Cette pièce, Being at home with Claude, est un classique québécois de René-Claude Dubois écrite en 1984. La performance à laquelle j’ai eu la chance d’assister vendredi dernier célèbre magnifiquement son trentenaire. Les deux interprètes principaux, Benoît McGinnis et Marc Béland, me prédisaient déjà que ce serait une belle performance, mais j’ai été littéralement renversée.
On y raconte l’histoire de Yves, un jeune prostitué montréalais. Après avoir assassiné sans raison apparente son amant, il prévient les autorités qu’il y a un cadavre dans un appartement de la rue Casgrain. Peu de temps après, il avoue être le coupable. Toutefois, avant de rencontrer les policiers, il prend soin de voler les clés d’un juge ainsi que de prévenir un journaliste du Montréal Matin, trop heureux d’avoir l’exclusivité de cette nouvelle.
Cette prémisse incompréhensible est ce qu’essaie de décortiquer l’inspecteur en cette soirée de juillet 1967. Après plus de 24 heures à remâcher les mêmes questions et les mêmes réponses sans succès, l’accusé et le policier sont tous deux lessivés. L’inspecteur persiste, refait avec Yves le compte-rendu de ces derniers jours pour essayer d’y mettre un sens et, après de nombreuses tentatives, une éclaircie finit par percer cette histoire insolite. Yves, bouleversé de son geste, délivre ses tripes et son âme à ce policier sous le choc pour lui expliquer, avec un lyrisme unique, l’histoire d’amour qu’il a vécue et qui l’a poussé à l’acte.
Cette pièce, mise en scène par Frédéric Blanchette, se déroule entièrement dans le bureau de l’inspecteur et, quoique deux personnages secondaires fassent parfois irruption, Being at home with Claude, c’est surtout une confrontation entre deux hommes: l’inspecteur et le suspect. Le texte de René-Claude Dubois, qui exprime magnifiquement le contexte historique de l’époque, est toujours aussi puissant trente ans plus tard. Toutefois, la plus grande force de cette oeuvre, c’est Benoit McGinnis.
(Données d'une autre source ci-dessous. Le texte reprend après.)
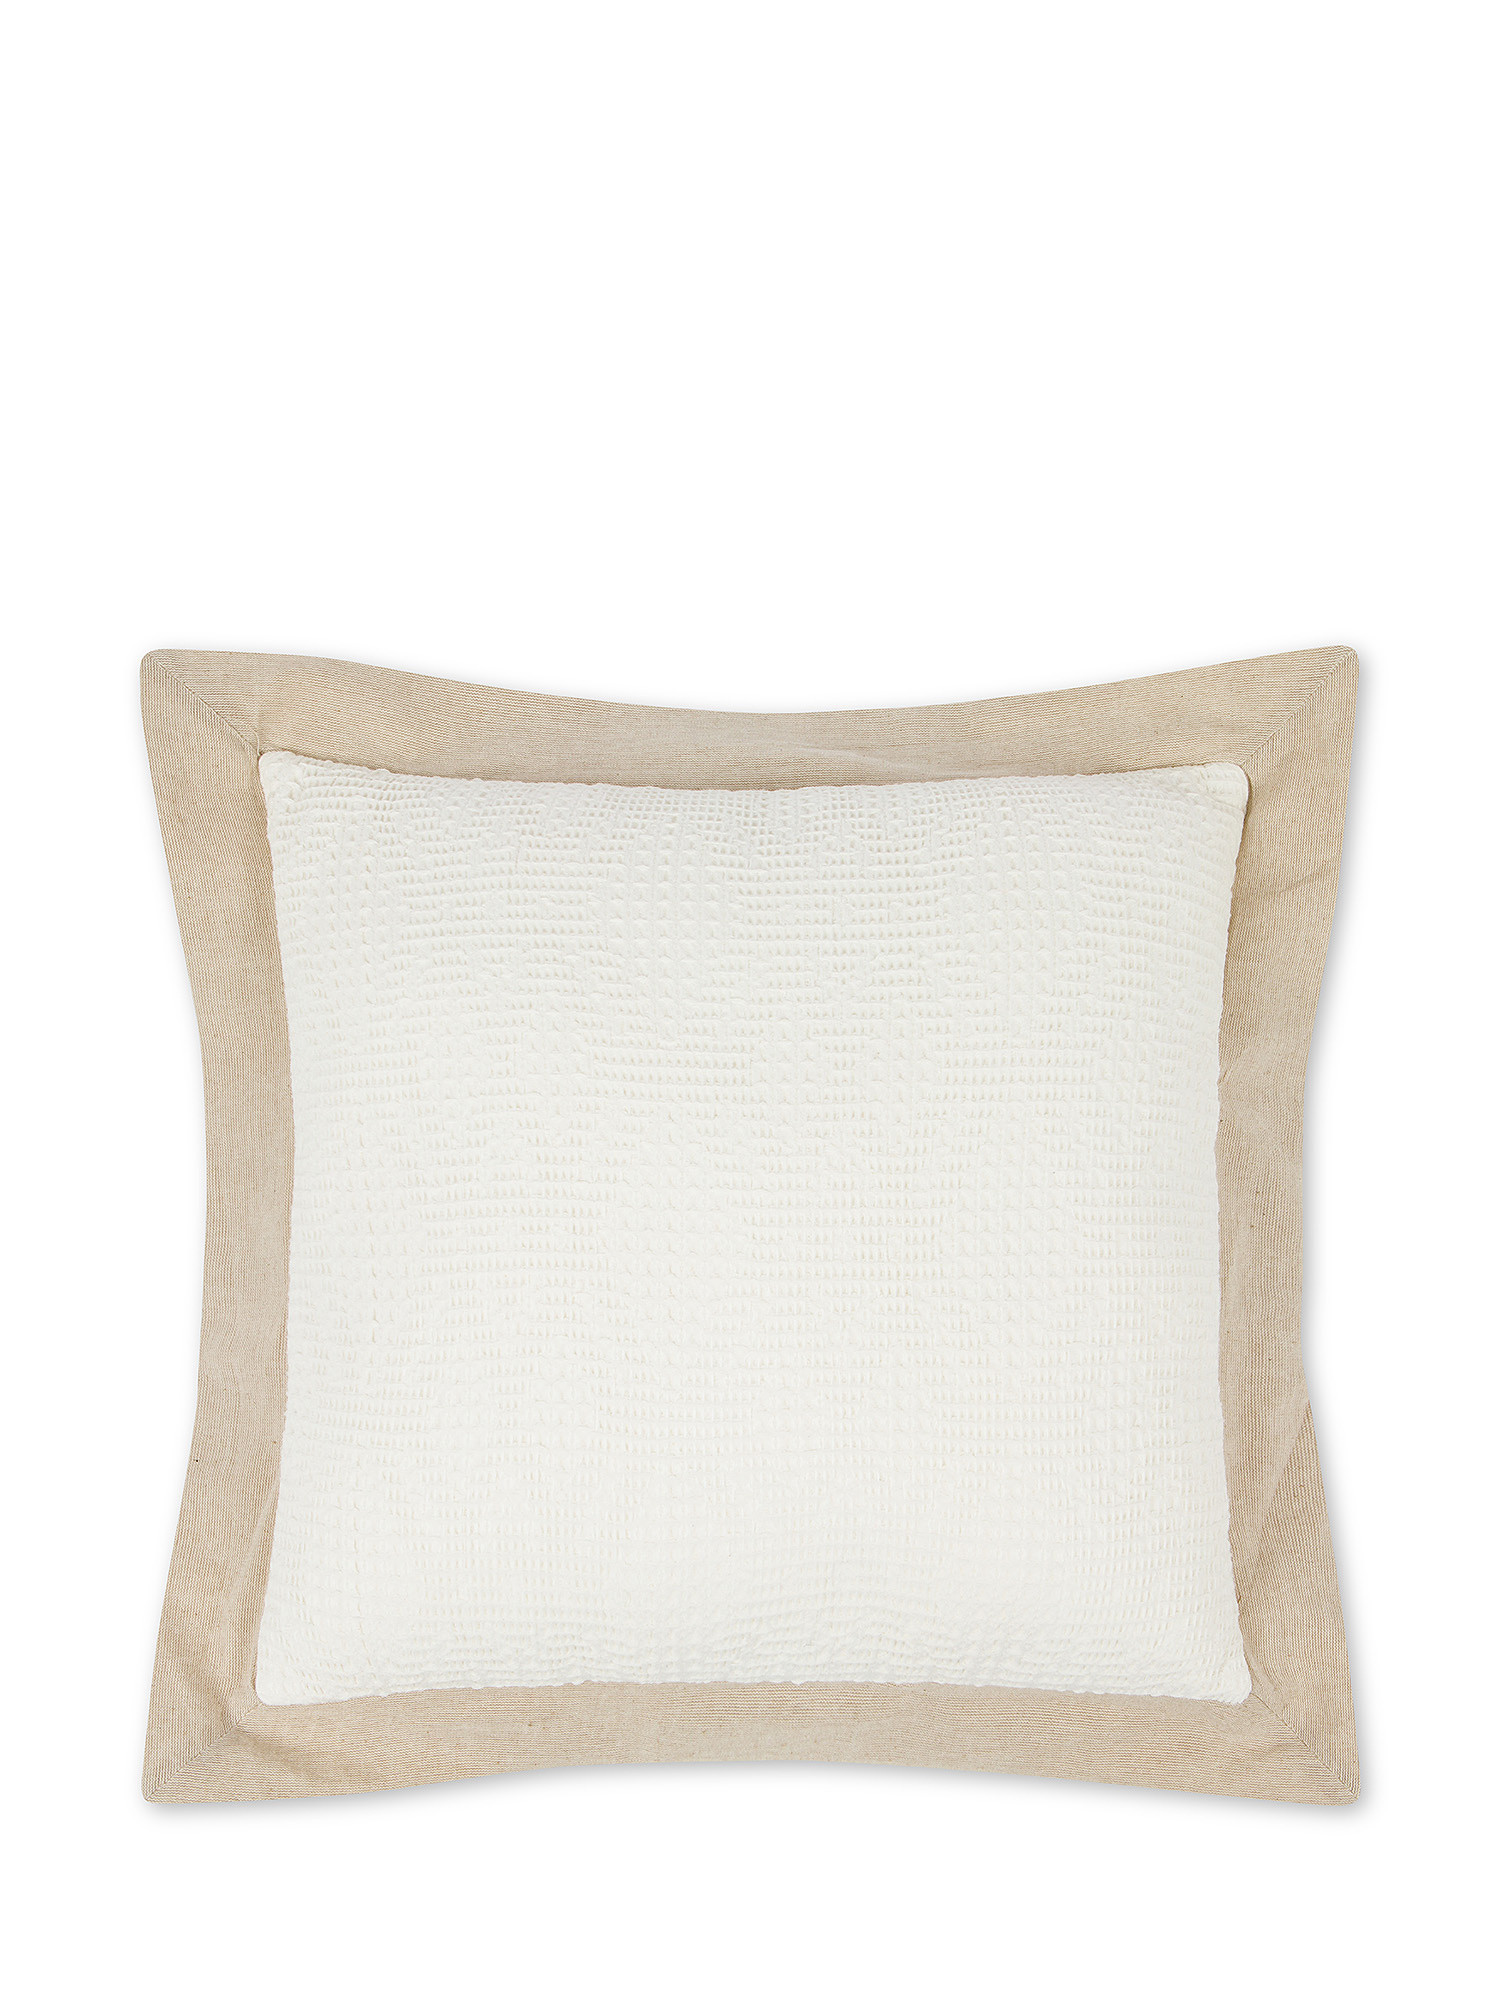 45x45 cm cushion in honeycomb weave cotton, White, large image number 0

Toujours incroyablement talentueux dans chacune de ses pièces, McGinnis surpasse ici tous les possibles. Pendant son monologue d’une vingtaine de minutes, mon attention a été rivée sur lui alors que mon coeur bâtait la chamade et que mes mains tremblaient presque. Arrivant parfaitement à s’imprégner de son rôle par sa gestuelle, sa manière de marcher et sa manière de parler, il tord le coeur lorsqu’il délivre les mots de Dubois. Marc Béland est aussi très bon dans le rôle de l’inspecteur, mais McGinnis imprègne la scène à un point qu’on en oublie tout le reste. Les effets musicaux et sonores sont également particulièrement efficaces lorsqu’ils se conjuguent à des moments forts de la pièce. La scène finale est d’ailleurs prenante.
Being at home with Claude est un incontournable de la saison théâtrale. À voir absolument au Théâtre du Nouveau Monde jusqu’au 11 octobre 2014.